Re: ISSUE-125 CCP -- change the "willful violation" note -- rev 1 from Leif Halvard Silli on 2011-01-27 (public-html@w3.org from January 2011)

From: Leif Halvard Silli <xn--mlform-iua@xn--mlform-iua.no>
Date: Thu, 27 Jan 2011 13:25:03 +0100
To: Anne van Kesteren <annevk@opera.com>
Cc: Julian Reschke <julian.reschke@gmx.de>, Leif Halvard Silli <xn--mlform-iua@xn--mlform-iua.no>, "public-html@w3.org" <public-html@w3.org>
Message-ID: <20110127132503797994.b6bb449e@xn--mlform-iua.no>

Anne van Kesteren, Thu, 27 Jan 2011 10:39:03 +0100:
> On Thu, 27 Jan 2011 08:28:35 +0100, Leif Halvard Silli 
> <xn--mlform-iua@målform.no> wrote:
>> Anne, HTML5's 'encoding sniffing algorithm' [1] uses the 'algorithm for
>> extracting an encoding from a Content-Type' [2] twice:
>> 
>>  1) before parsing: on Content-Type meta data (HTTP). [1]
> 
> It is not used here. It just generically refers to the "Content-Type 
> metadata" and does not define how you extract it.

If you are correct, then where does HTML5 specify how to handle the 
HTTP Content-Type header? 

Note that the section says:

 ]] The Content-Type metadata of a resource must be obtained and 
interpreted in a manner consistent with the requirements of the Media 
Type Sniffing specification. [MIMESNIFF] [[

And that MIMESNIFF "describes an algorithm for determining the 
effective media type of HTTP responses". [1]

> (You are right that 
> the algorithm is used twice, but both times it operates on the 
> text/html stream, not on any external data.)

Same question as above. My view is that the same algorithm is first 
used on the HTTP Content-Type and then, if necessary, on the HTTP-EQUIV 
Content-Type. Yes, it looks to me as if MIMESNIFF blurs the border 
between the HTTP header and "512 octets or more" of the text/html 
stream. But never the less, MIMESNIFF means HTTP's Content-Type - it 
does not speak about HTTP-EQUIV. MIMESNIFF also says that: 

]] If the user agent is configured to strictly obey the official-
   type, then let the sniffed-type be the official-type and abort
   these steps. [[

In which case there would not be any Content-Type any other place than 
in the one that were obtained from the HTTP header.

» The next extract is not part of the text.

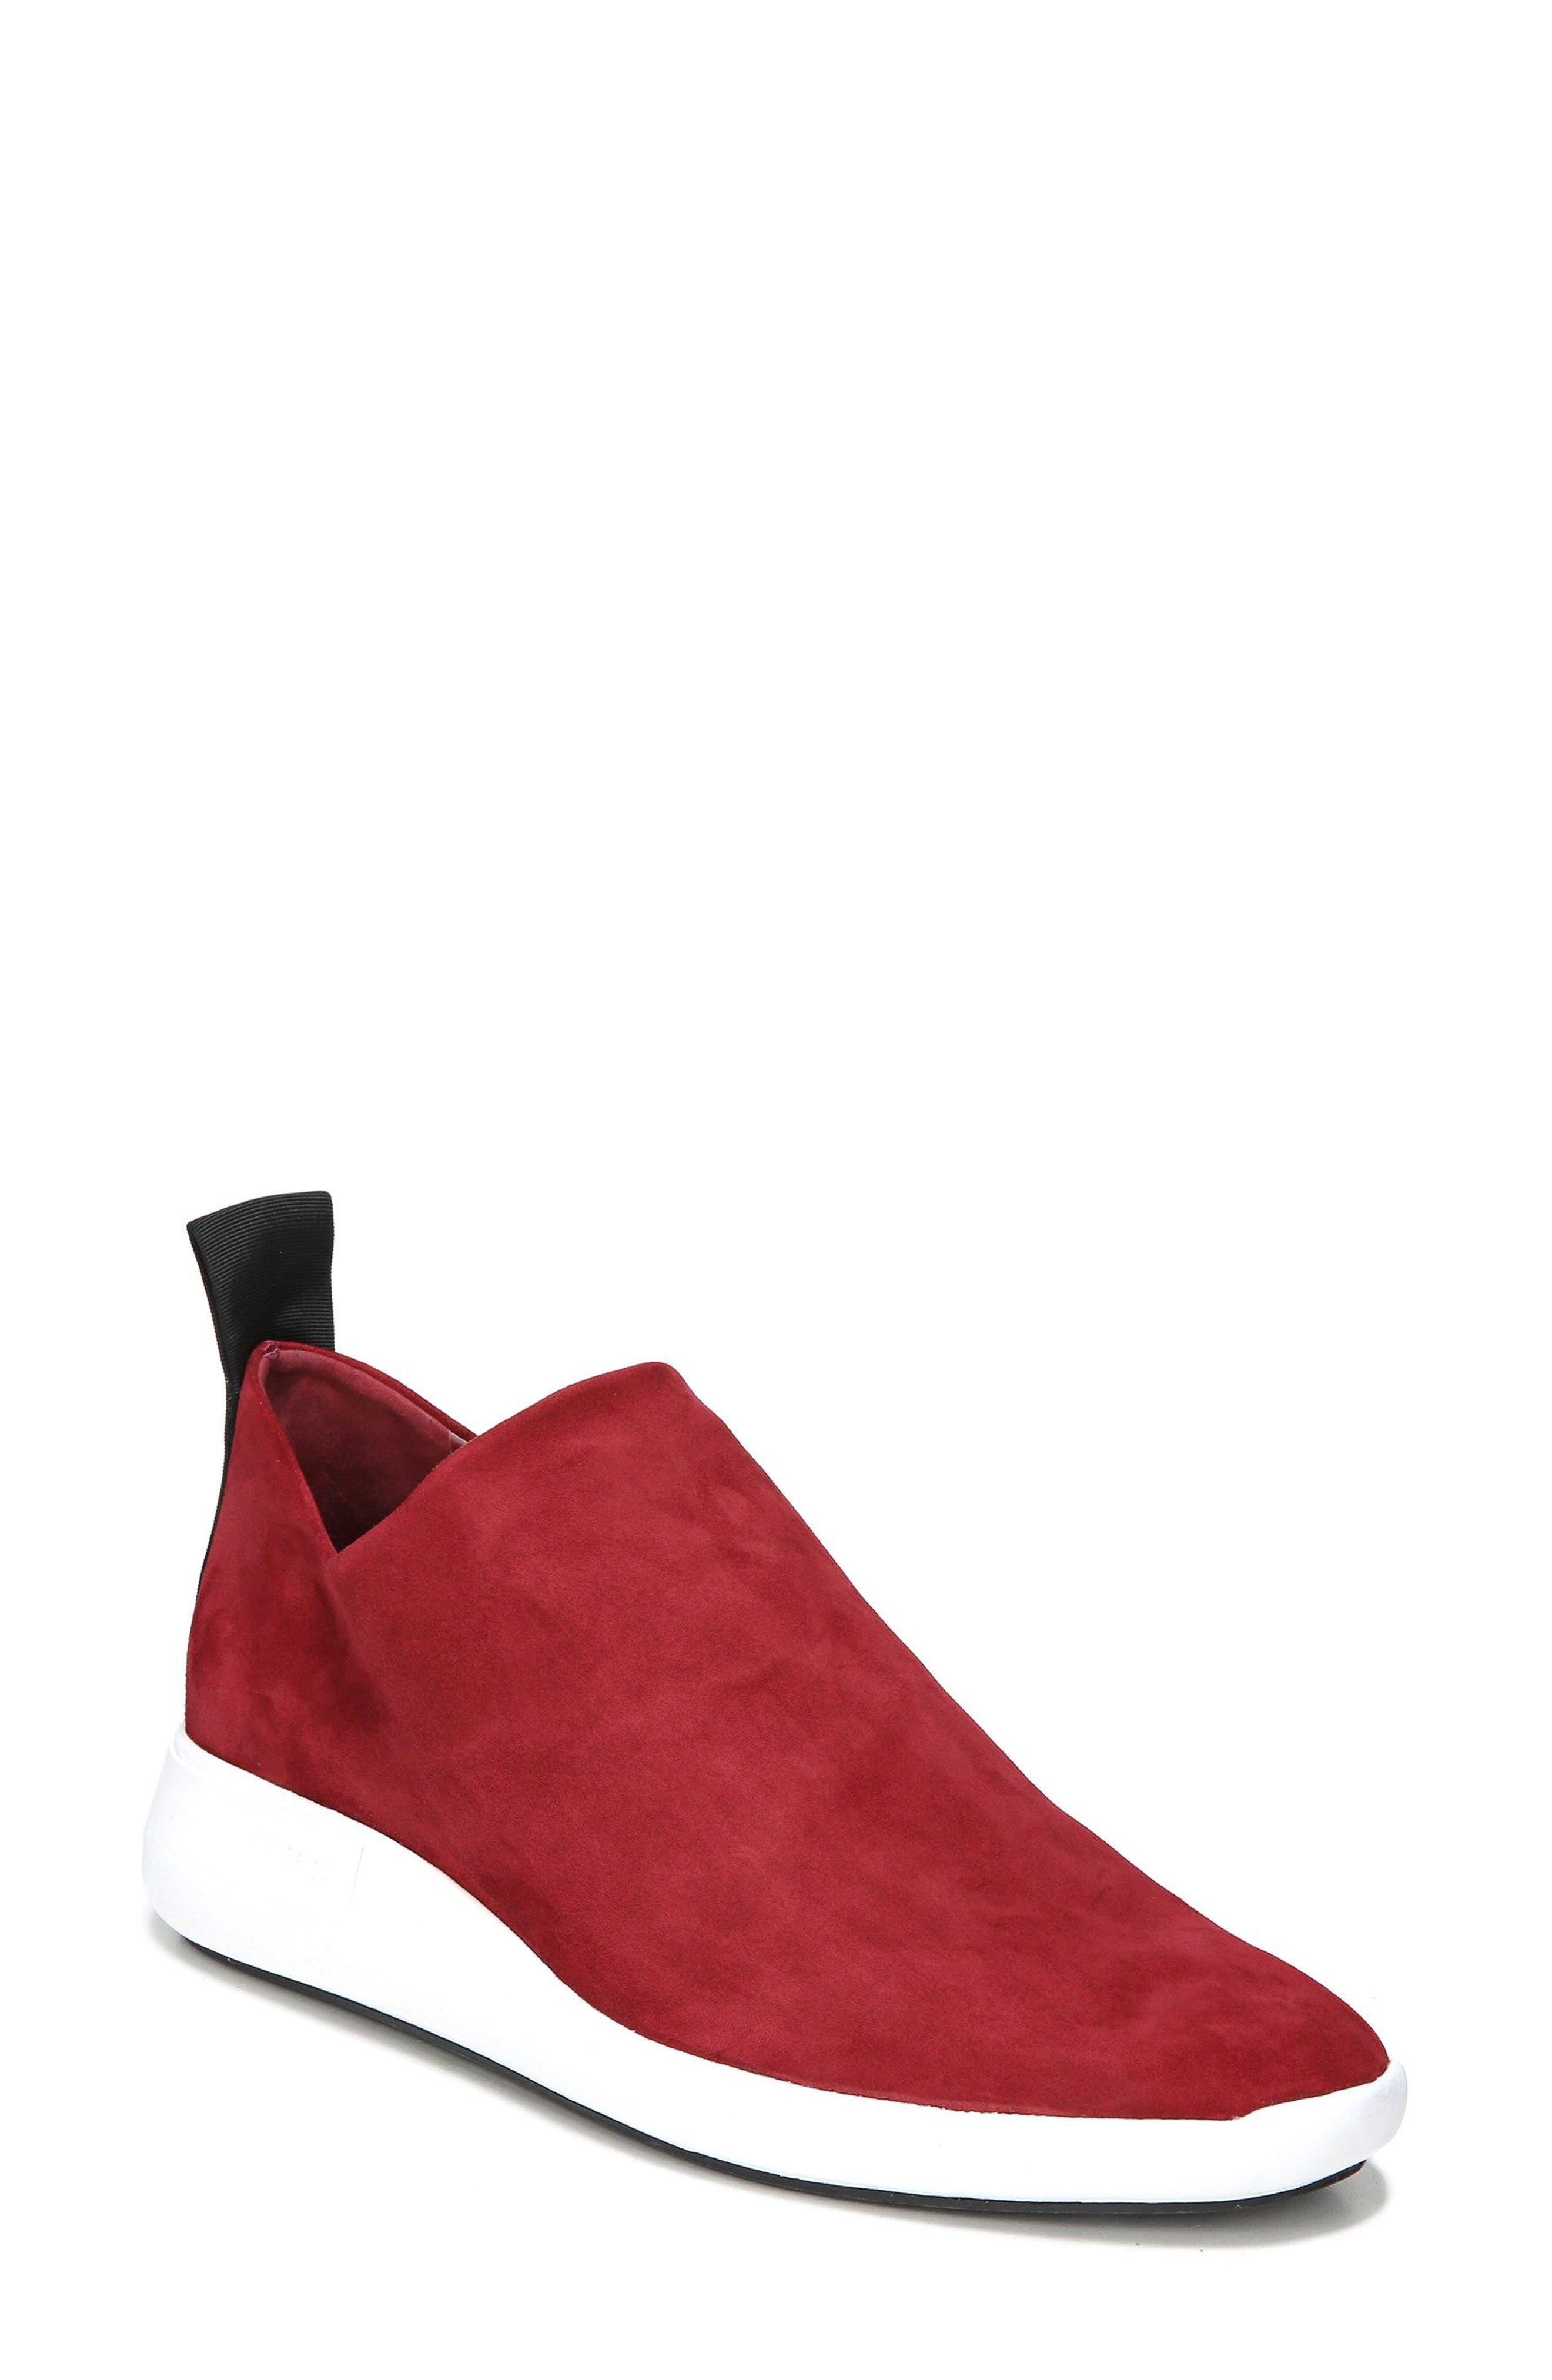 Marlow Slip-On Sneaker,                             Main thumbnail 3, color,

And also, in the encoding sniffing algorithm of HTML5, then the 512 
octets is step 3 - after the 'transport layer' - we must assume that 
the 'transport layer' is HTTP, and thus the same as the "official-type" 
in the MIMESNIFF draft.

(I must say that HTML5 could have described these things better. As is, 
one must jump back and forth and think ... For instance, the encoding 
sniffing algorithm is described twice. Once in the two first paragraphs 
of section 8.2.2.1 and once again in the subsequent outline of the 
algorithm. [2])

[1] http://tools.ietf.org/html/draft-abarth-mime-sniff-06

[2] 
http://www.w3.org/TR/html5/parsing#determining-the-character-encoding

-- 
leif halvard silli

Received on Thursday, 27 January 2011 12:25:40 UTC